• _Directions for this task_
Every line from the one containing "130W cm. โครงสเตนเลส" through the end of the listing below must be given again exactly, and nothing else; exclude pictures.

• _Source data_
╔══

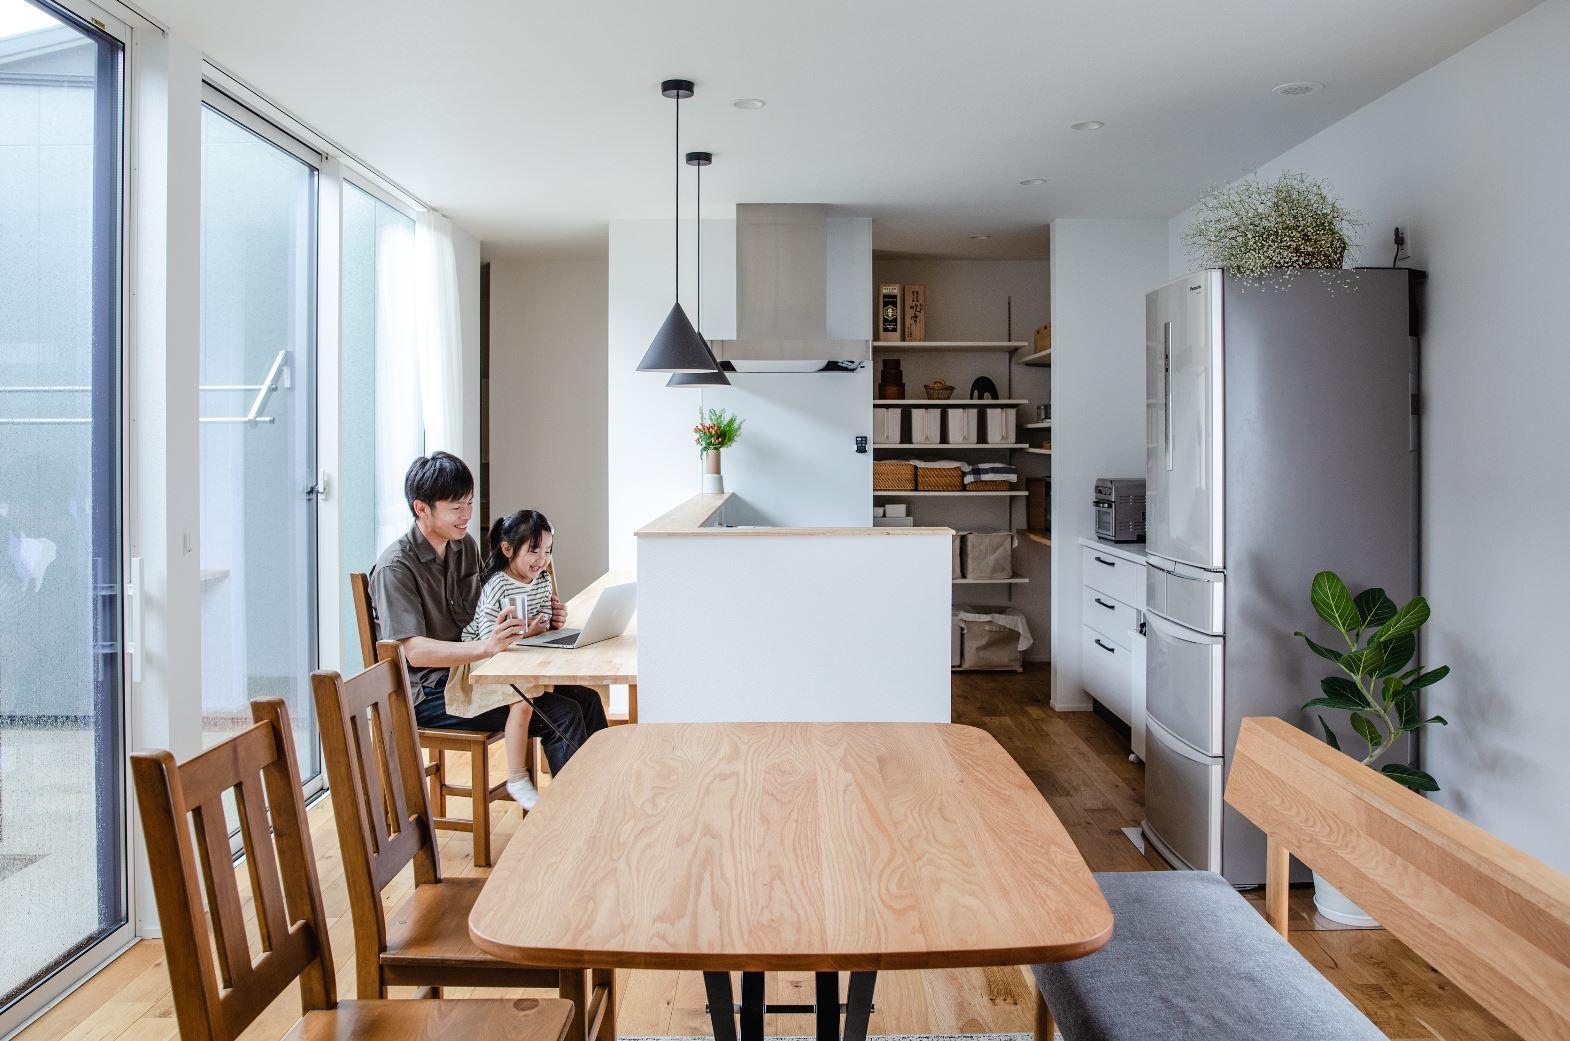 S.CONNECT(エスコネクト)【デザイン住宅、間取り、平屋】シンプルなデザインに、奥さまの大好きなグリーンやスワッグが映える
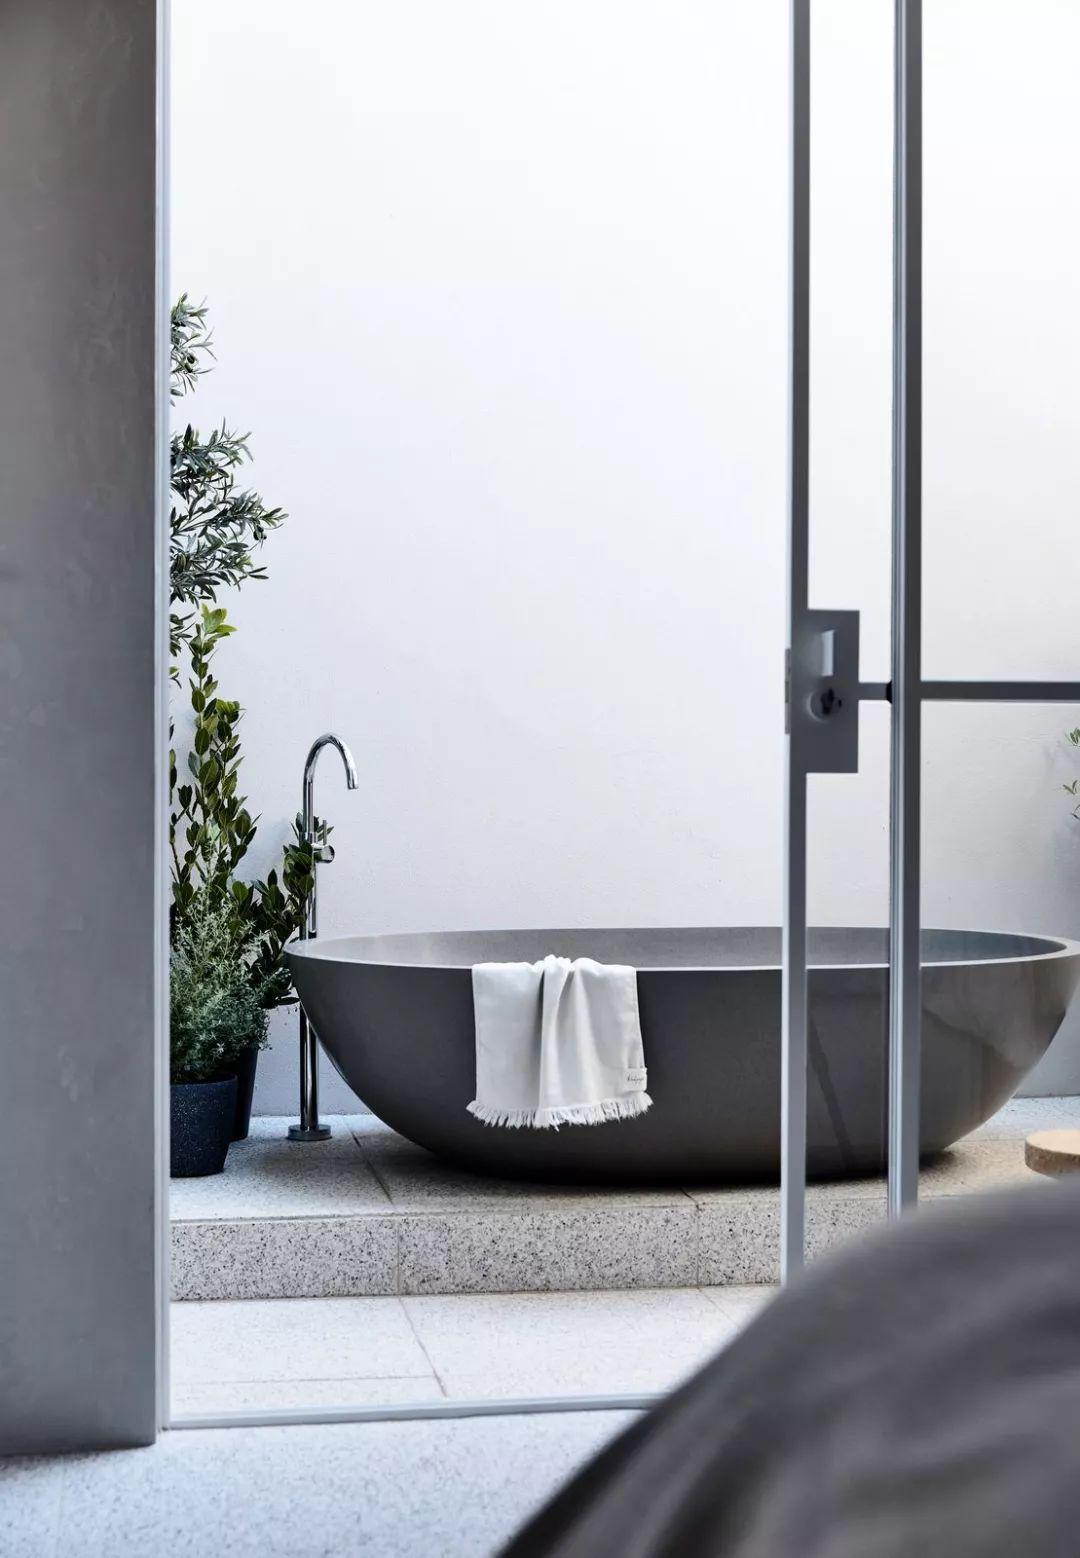 【装修宝典】卫生间做到干湿分离,比美观更重要!
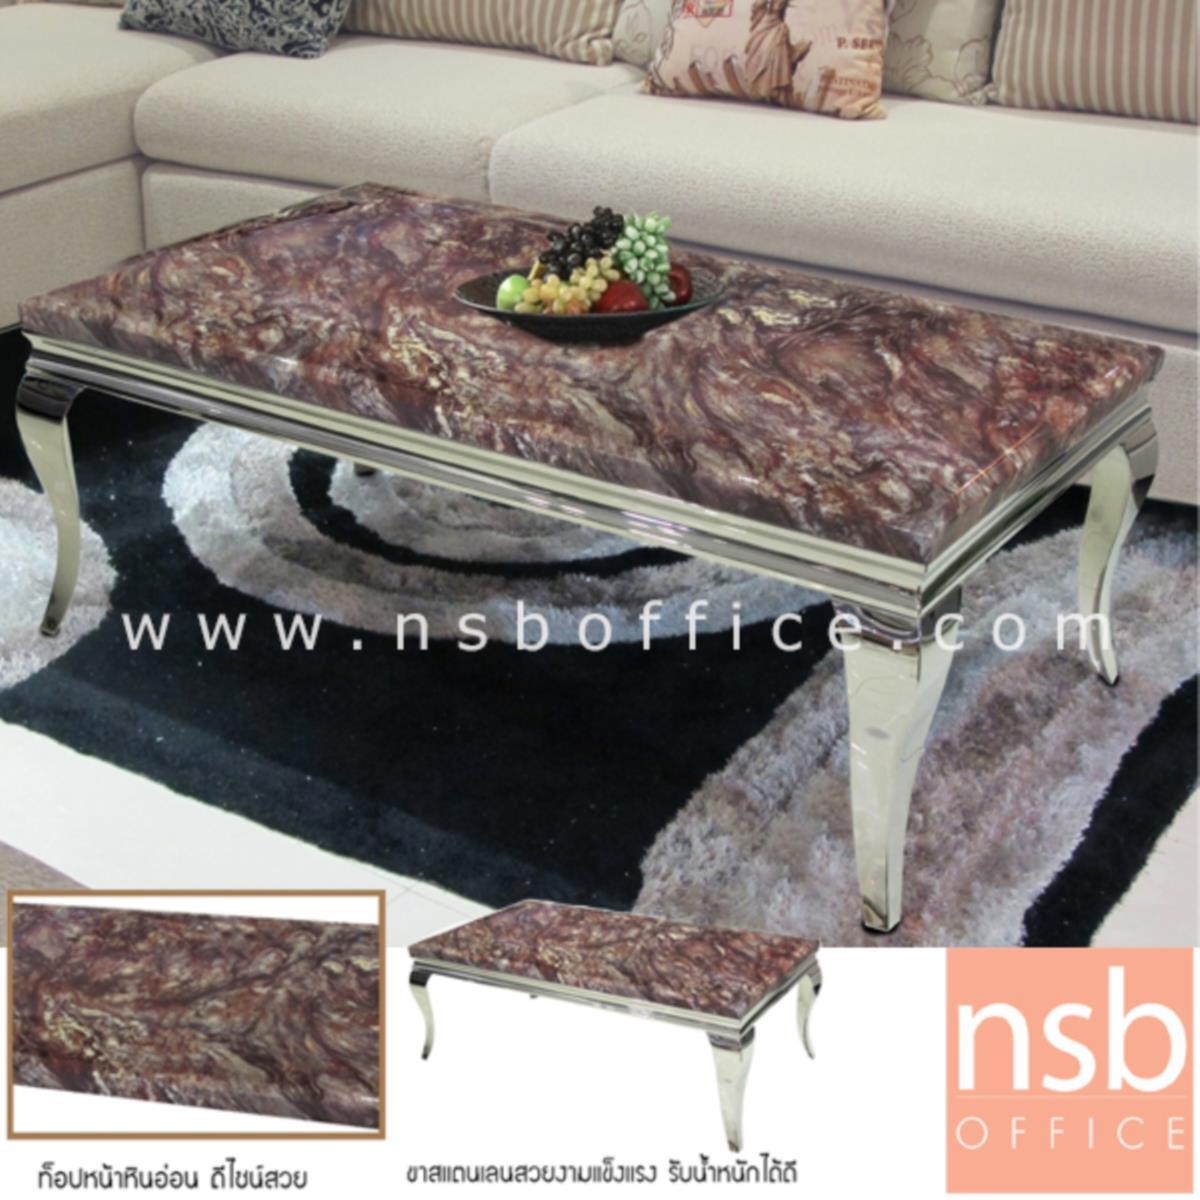 โต๊ะกลางหินอ่อน  รุ่น Backstreet (แบ็กสตรีท) ขนาด 130W cm. โครงสเตนเลส
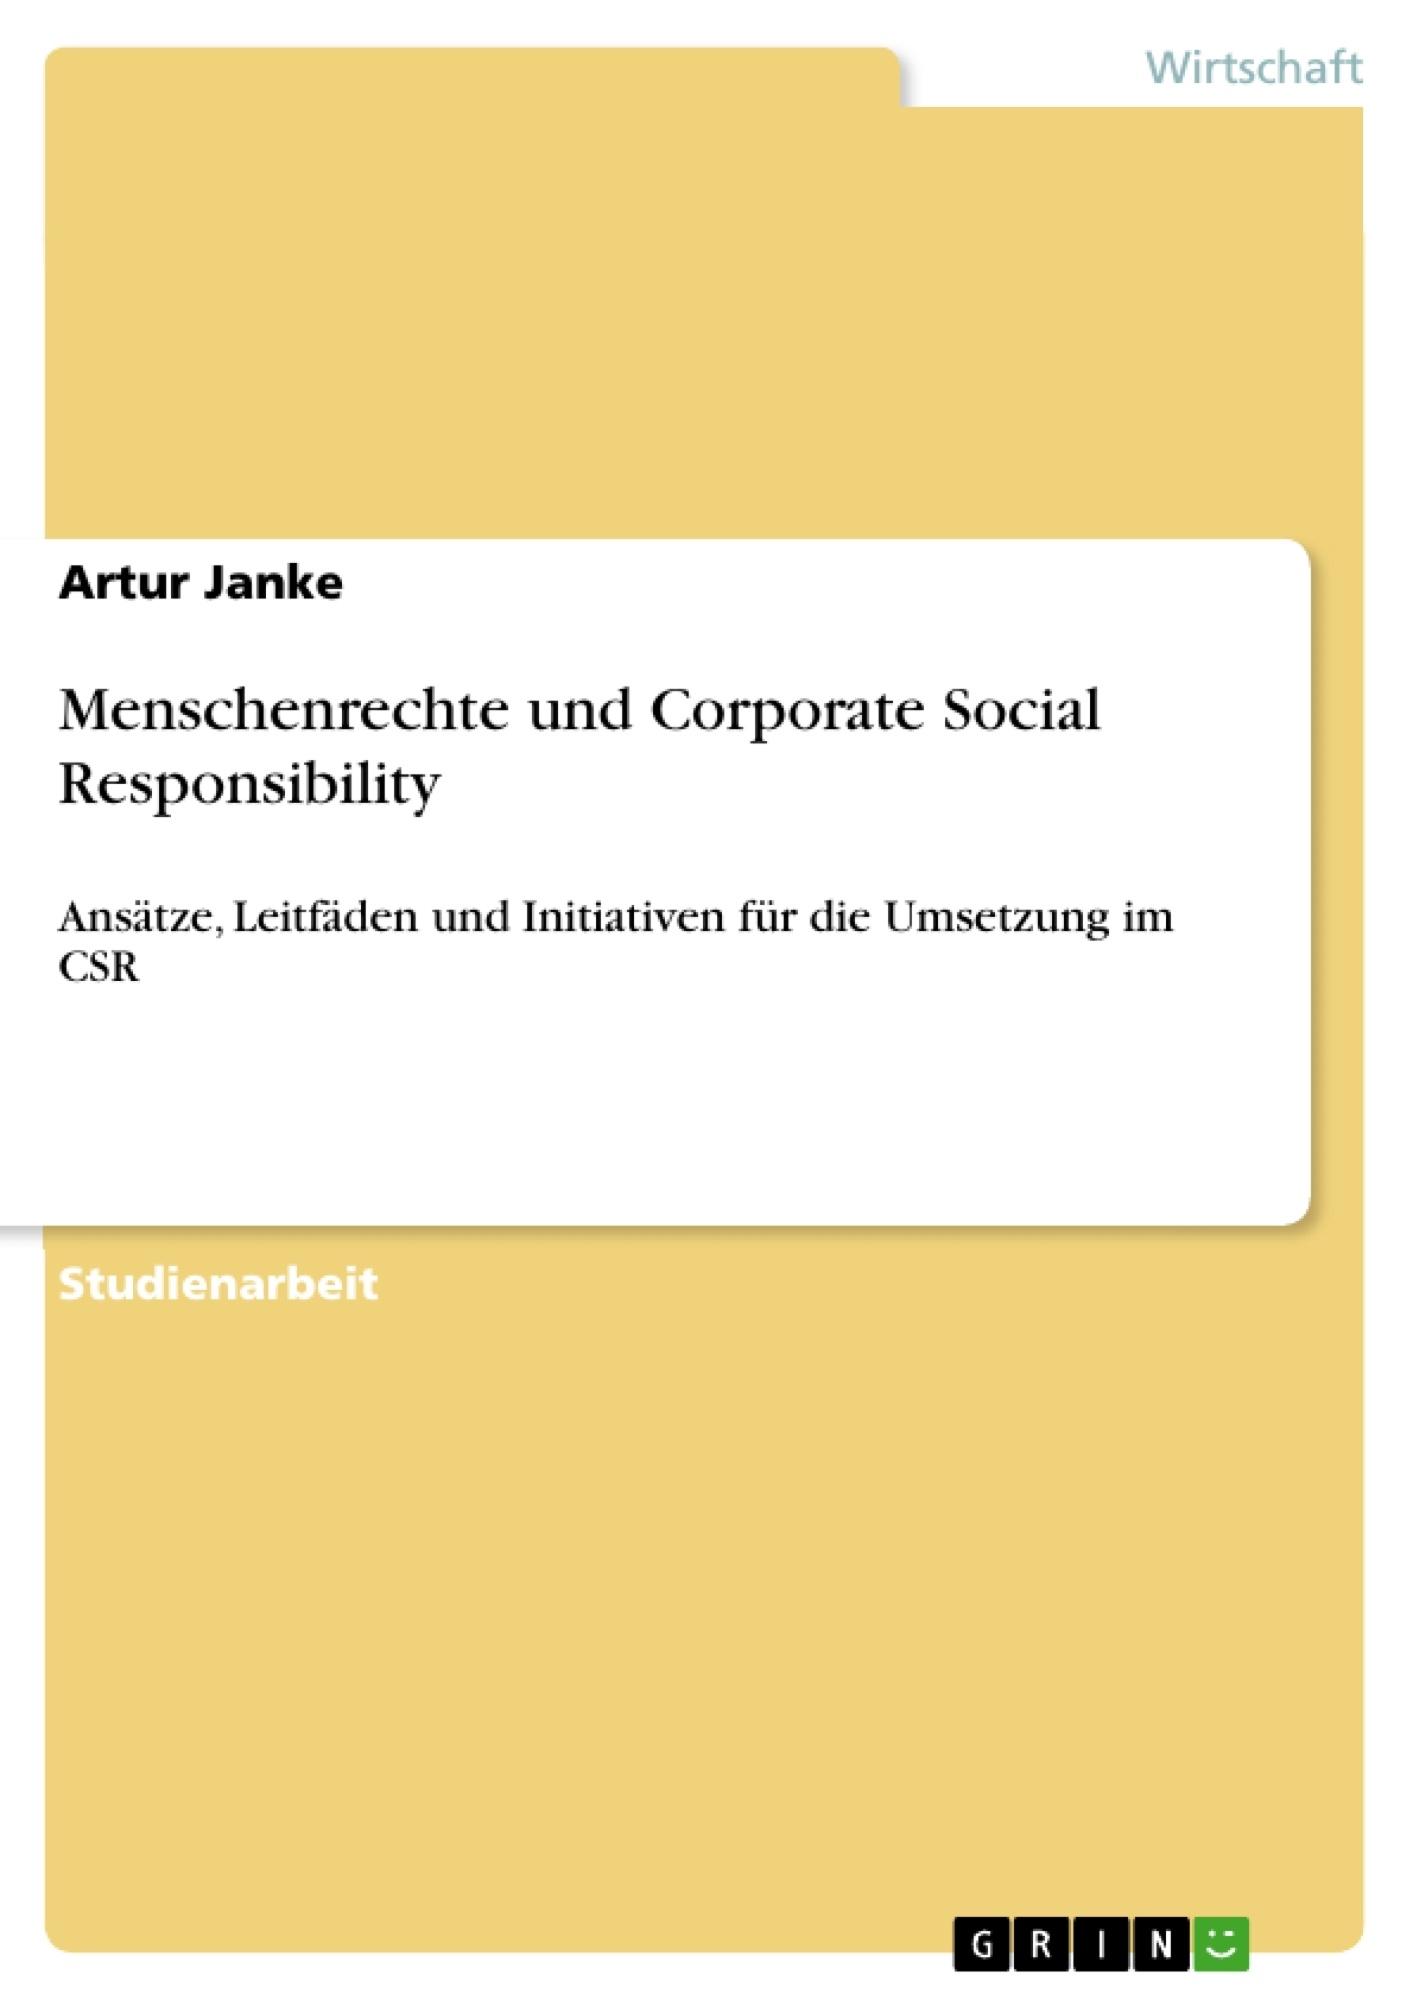 Titel: Menschenrechte und Corporate Social Responsibility

╚══

• _Completed exercise_
 โต๊ะกลางหินอ่อน  รุ่น Backstreet (แบ็กสตรีท) ขนาด 130W cm. โครงสเตนเลส
 Titel: Menschenrechte und Corporate Social Responsibility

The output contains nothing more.